TASK PROMPT:
Your copy of the data should match it exactly, leaving out only the pictures.

INFORMATION SUPPLIED:
Segment Open

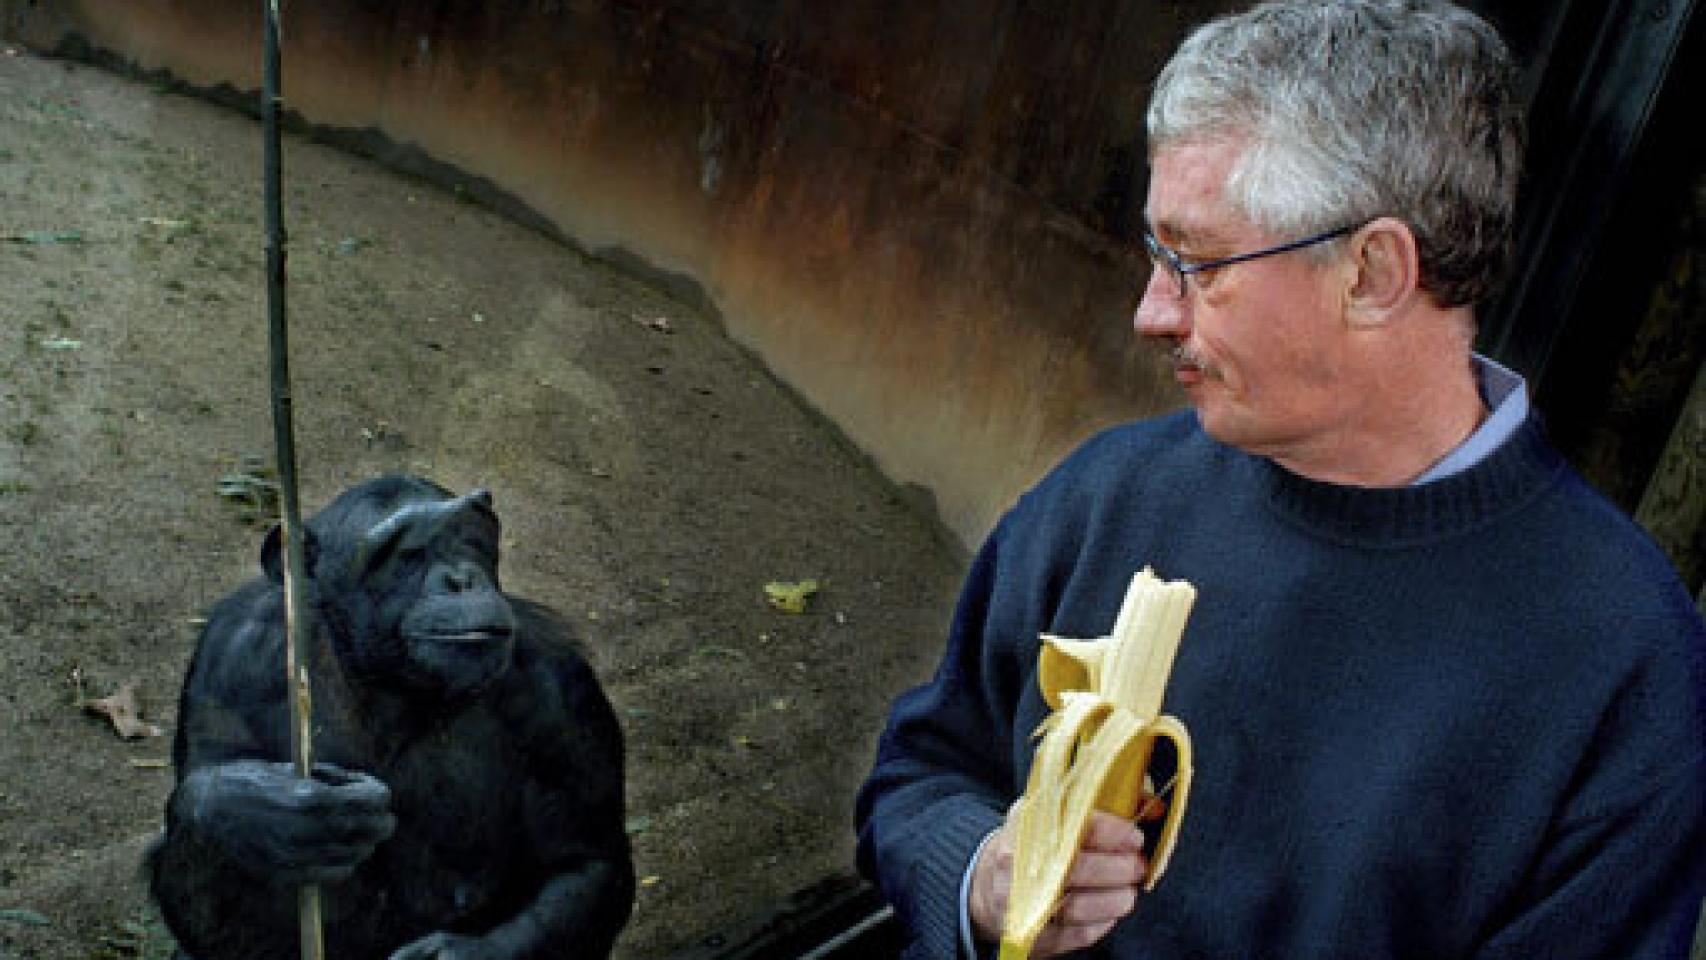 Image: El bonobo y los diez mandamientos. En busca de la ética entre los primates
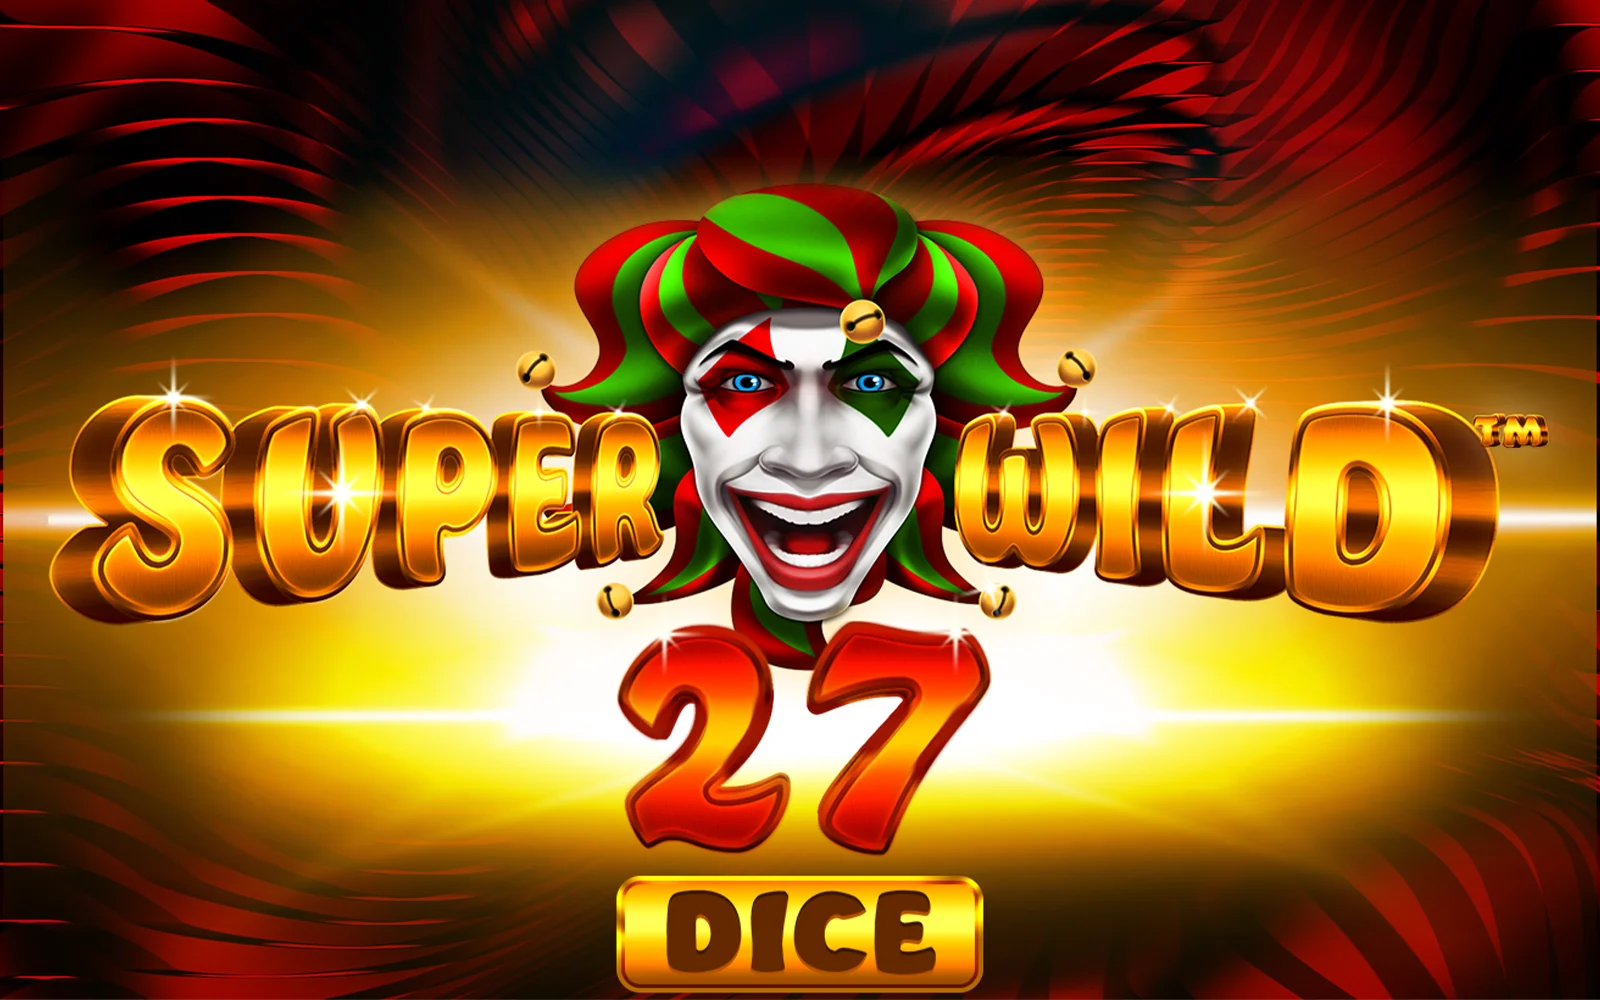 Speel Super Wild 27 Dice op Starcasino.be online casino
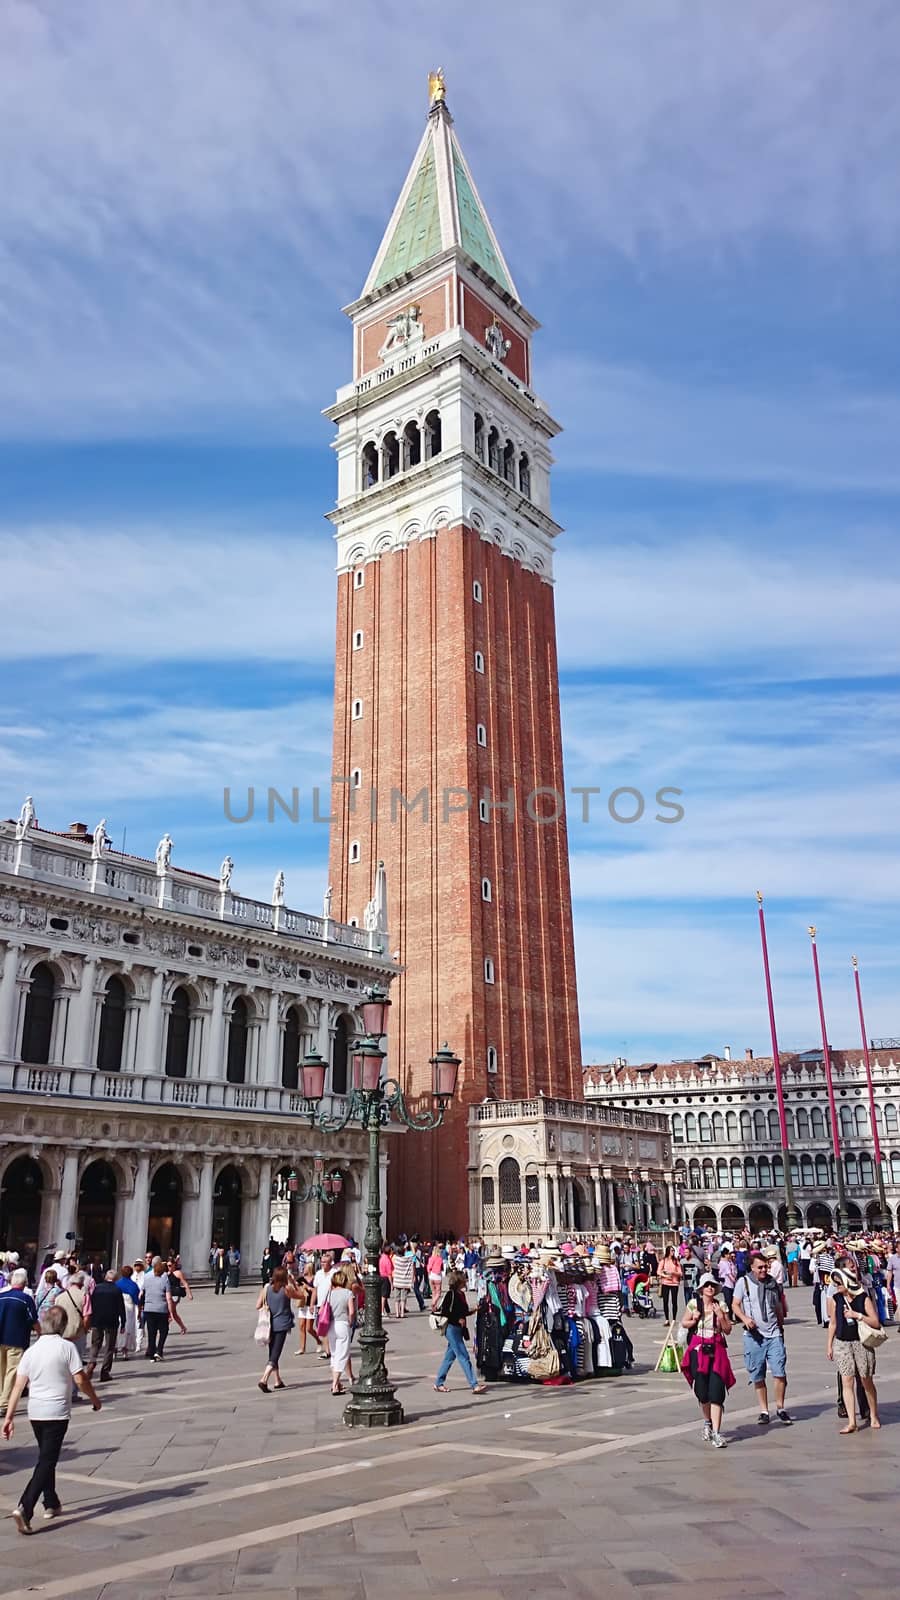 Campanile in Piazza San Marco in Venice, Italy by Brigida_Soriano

Segment Closed

SOLVED EXERCISE:
 Image: El bonobo y los diez mandamientos. En busca de la ética entre los primates
 Speel Super Wild 27 Dice op Starcasino.be online casino
 Campanile in Piazza San Marco in Venice, Italy by Brigida_Soriano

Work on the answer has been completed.